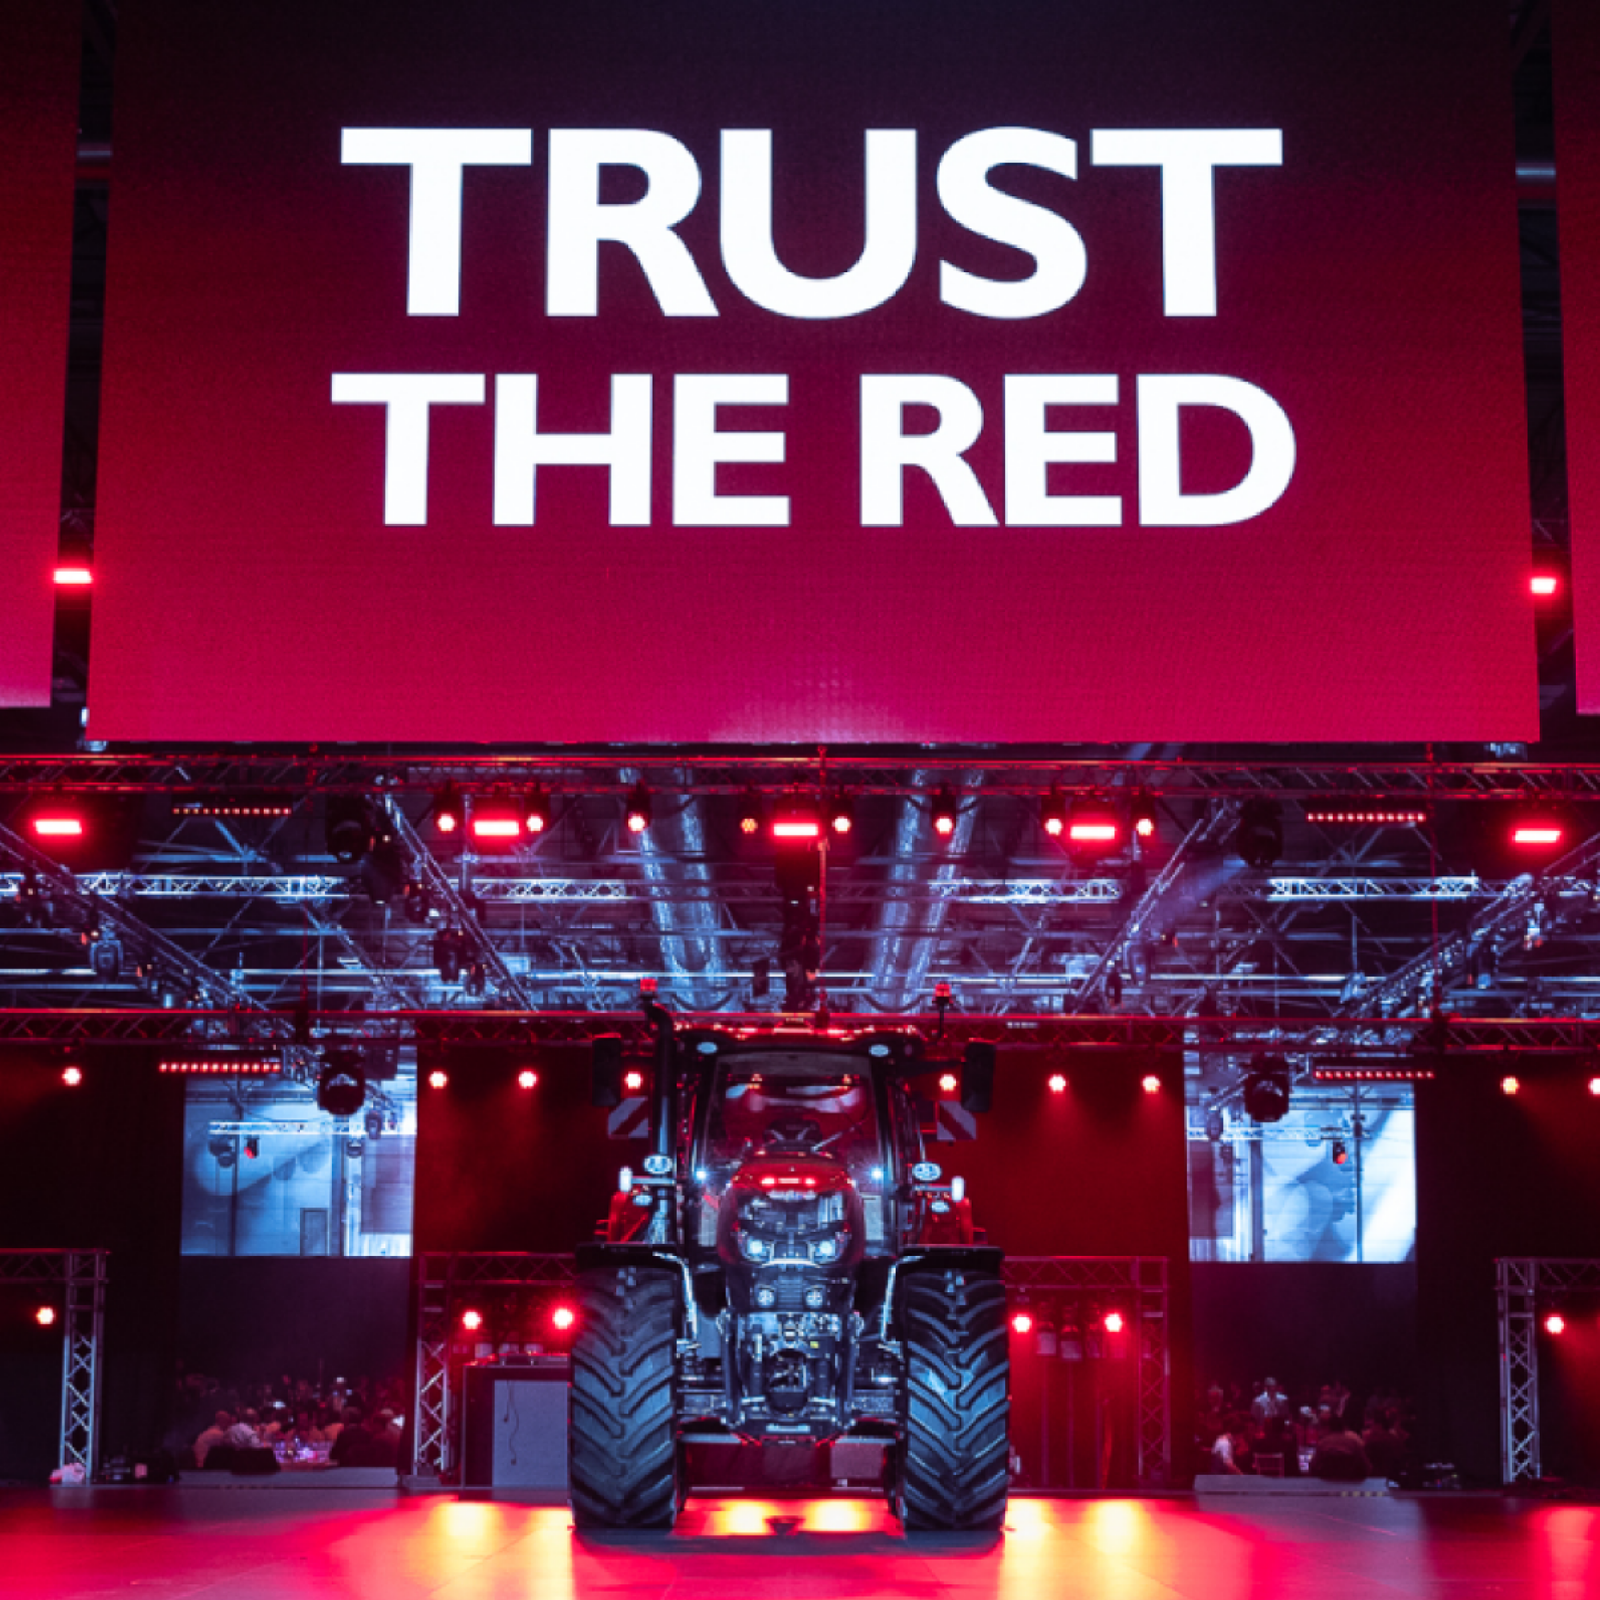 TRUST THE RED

* * *

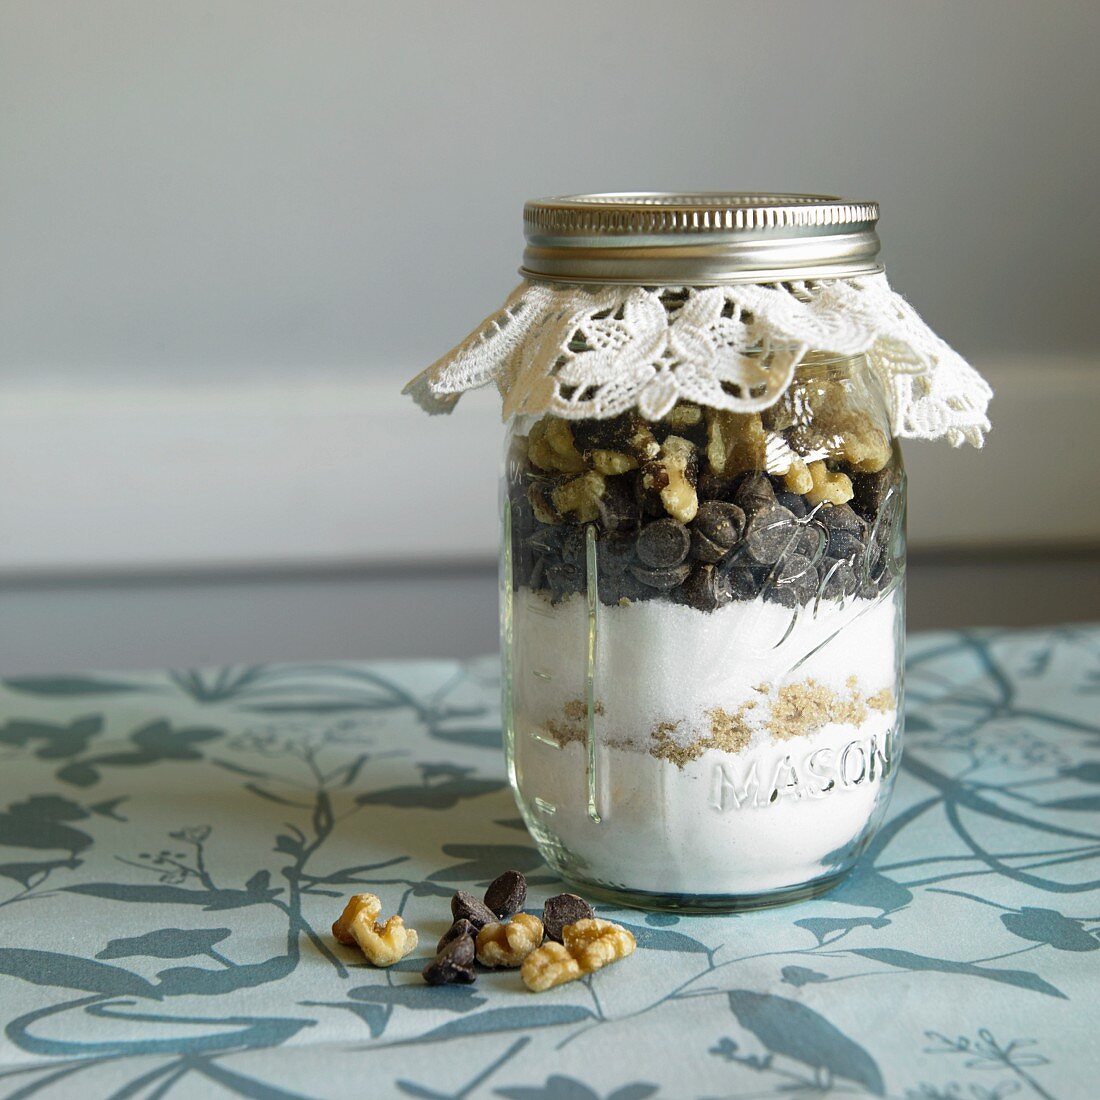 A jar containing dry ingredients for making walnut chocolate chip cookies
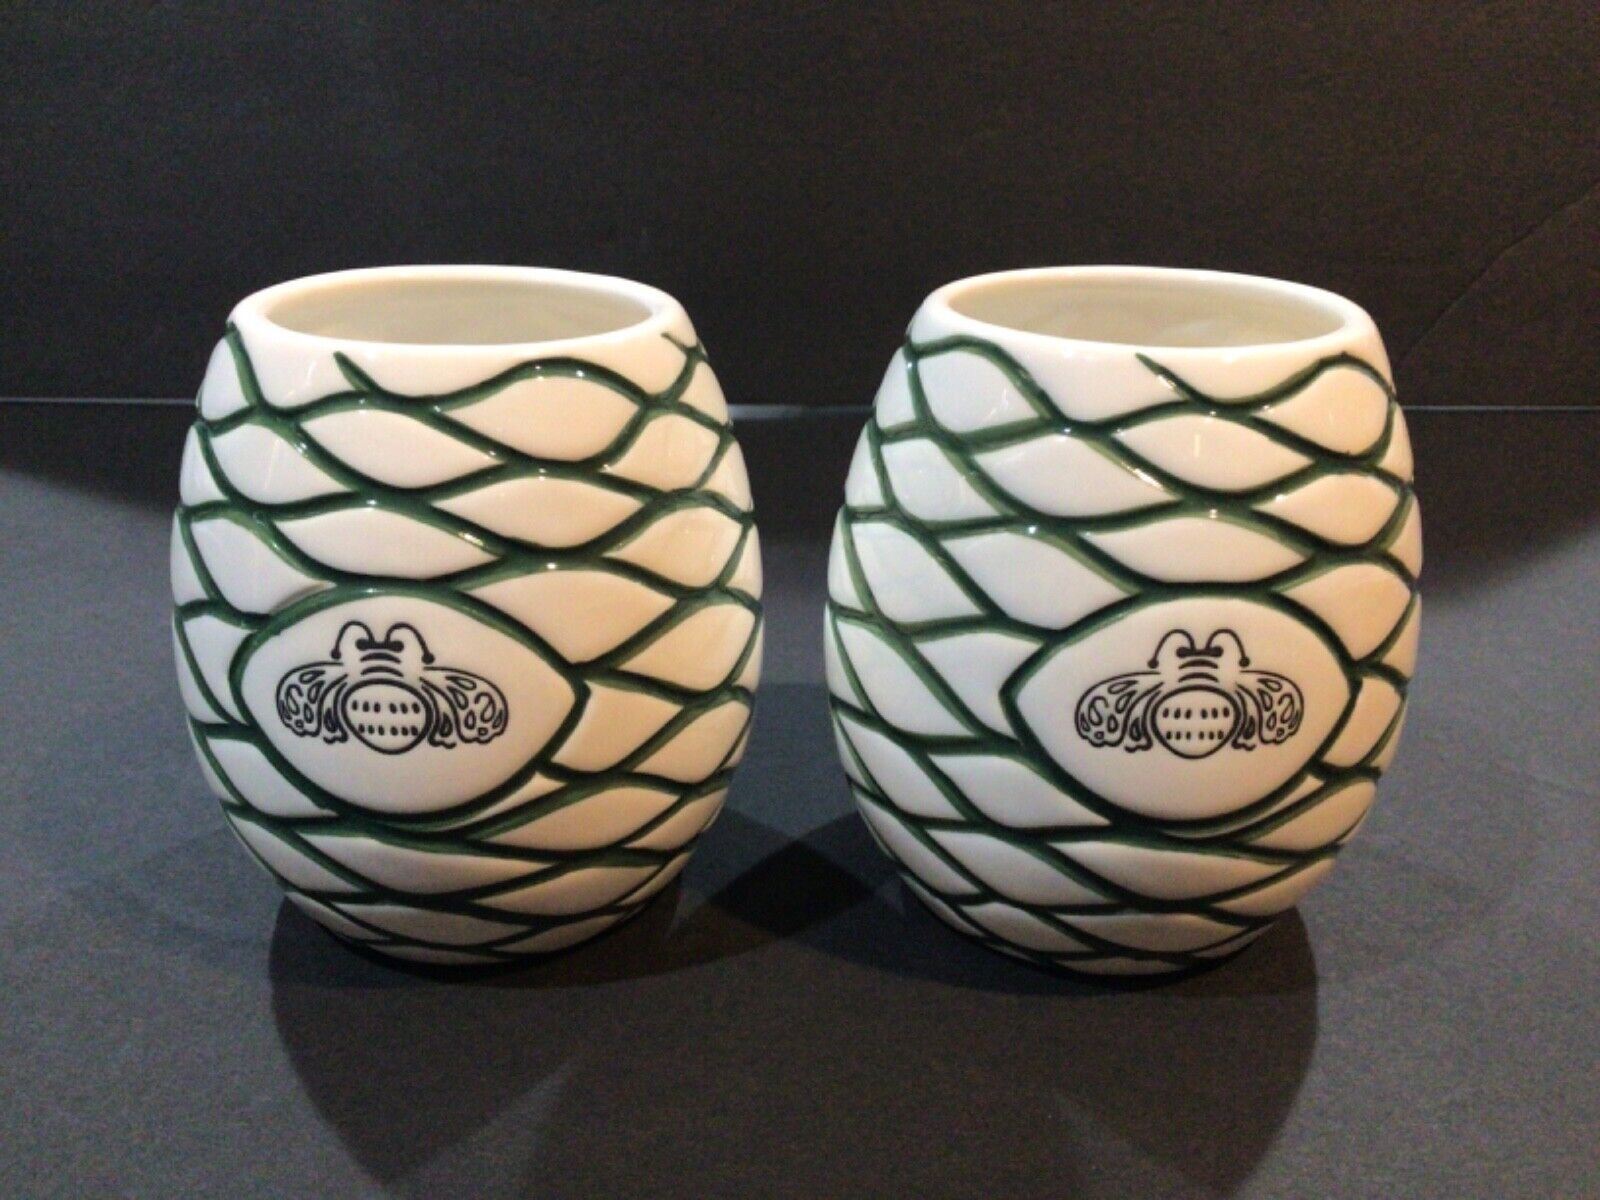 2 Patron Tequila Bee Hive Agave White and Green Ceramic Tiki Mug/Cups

==

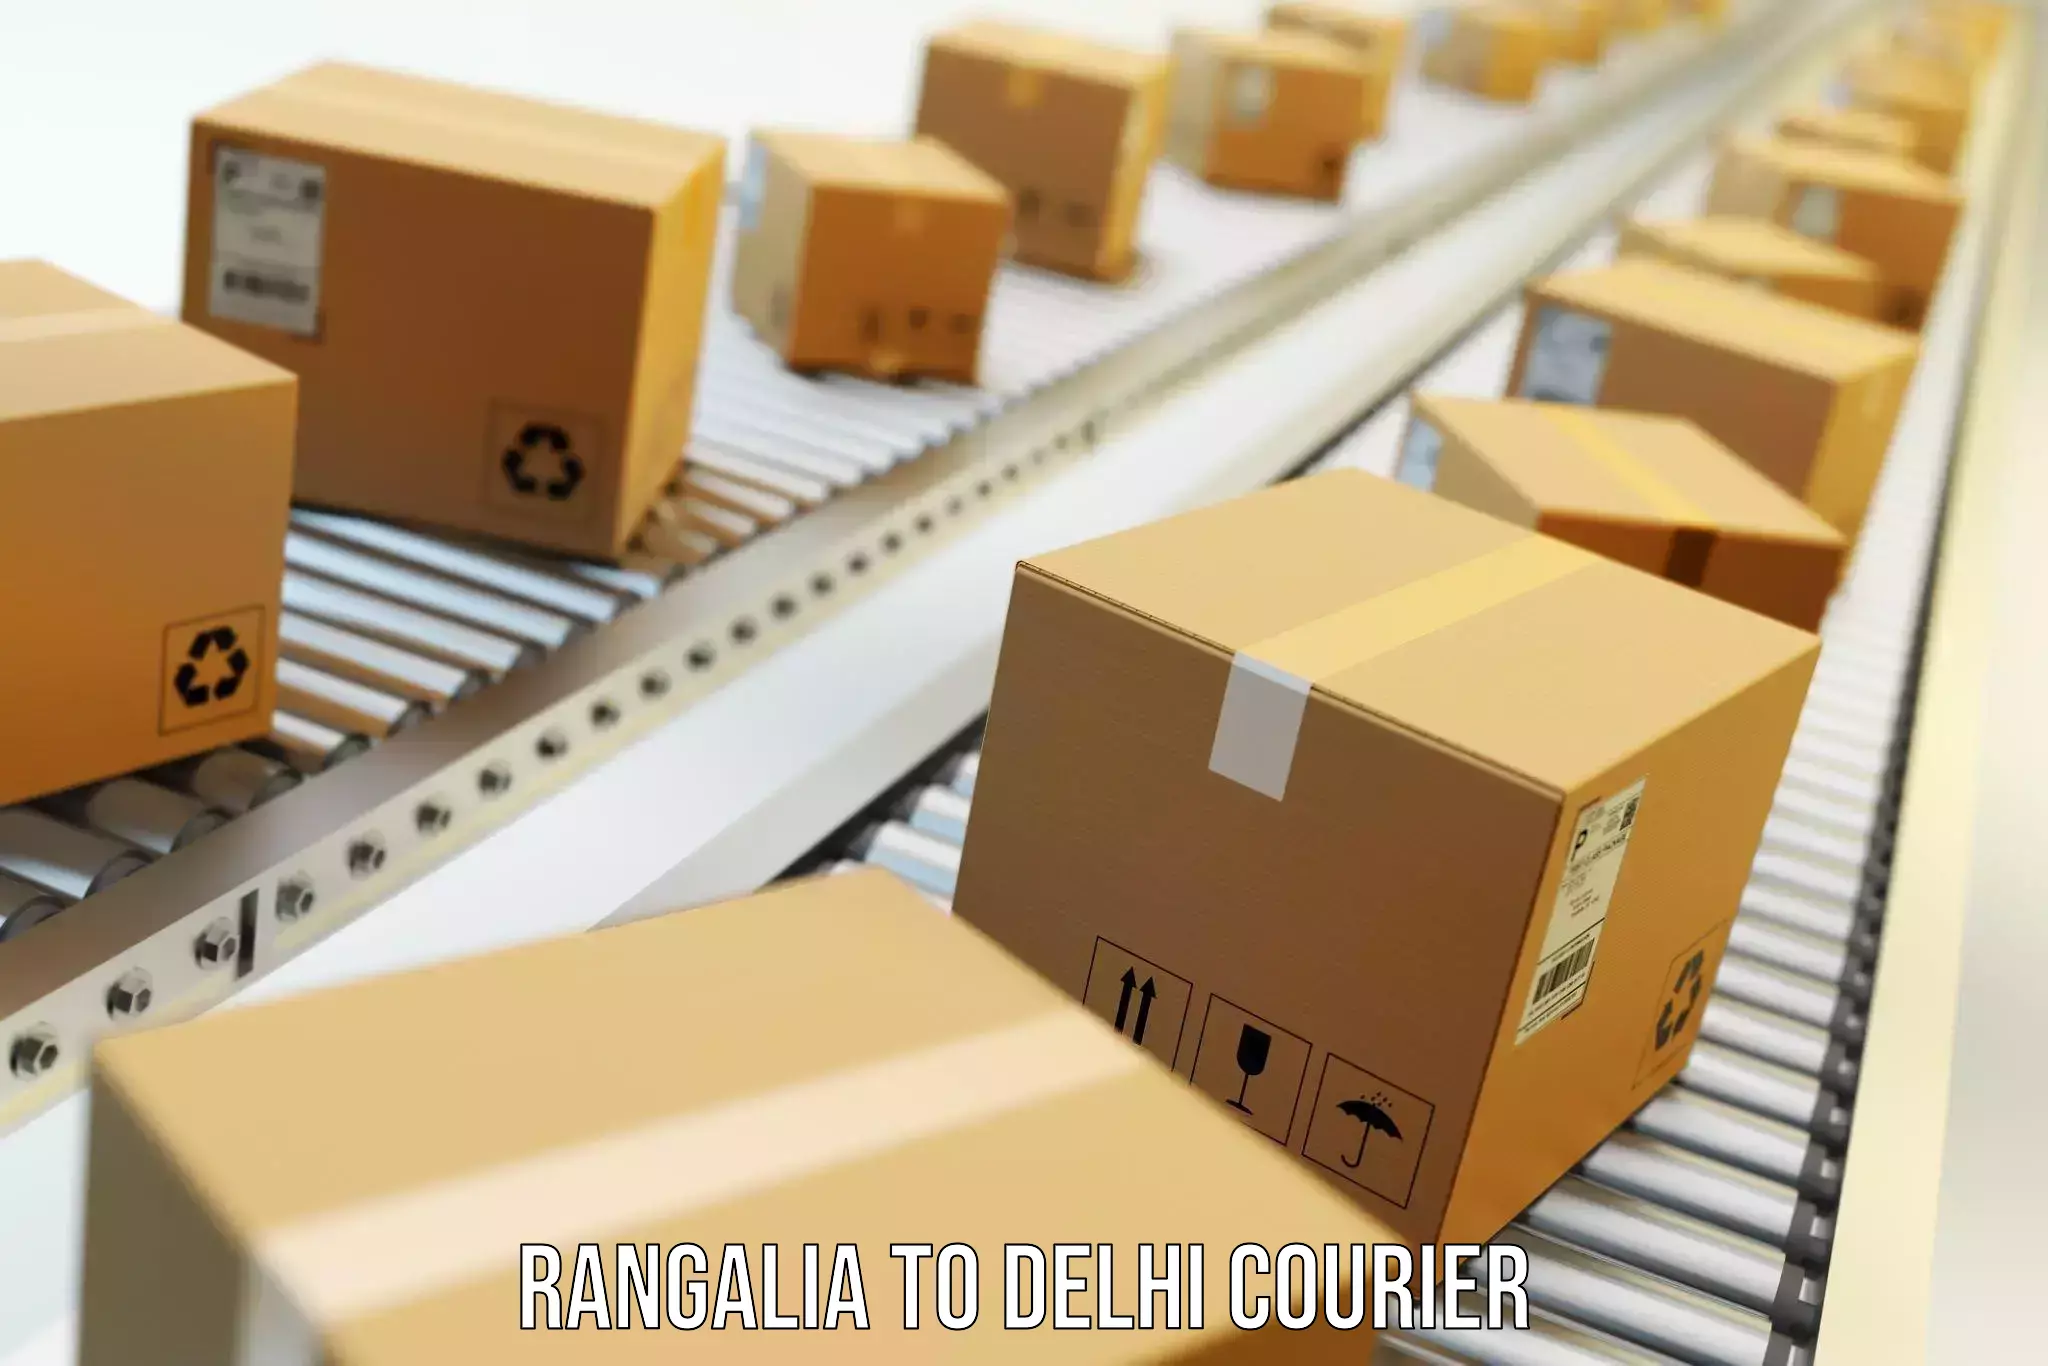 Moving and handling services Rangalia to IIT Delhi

* What this task involves:
For the data above, set down exactly the lines from the line with "A jar containing" to the line with "2 Patron Tequila", both included, leaving pictures out.

* Result of this exercise:
 A jar containing dry ingredients for making walnut chocolate chip cookies
 2 Patron Tequila Bee Hive Agave White and Green Ceramic Tiki Mug/Cups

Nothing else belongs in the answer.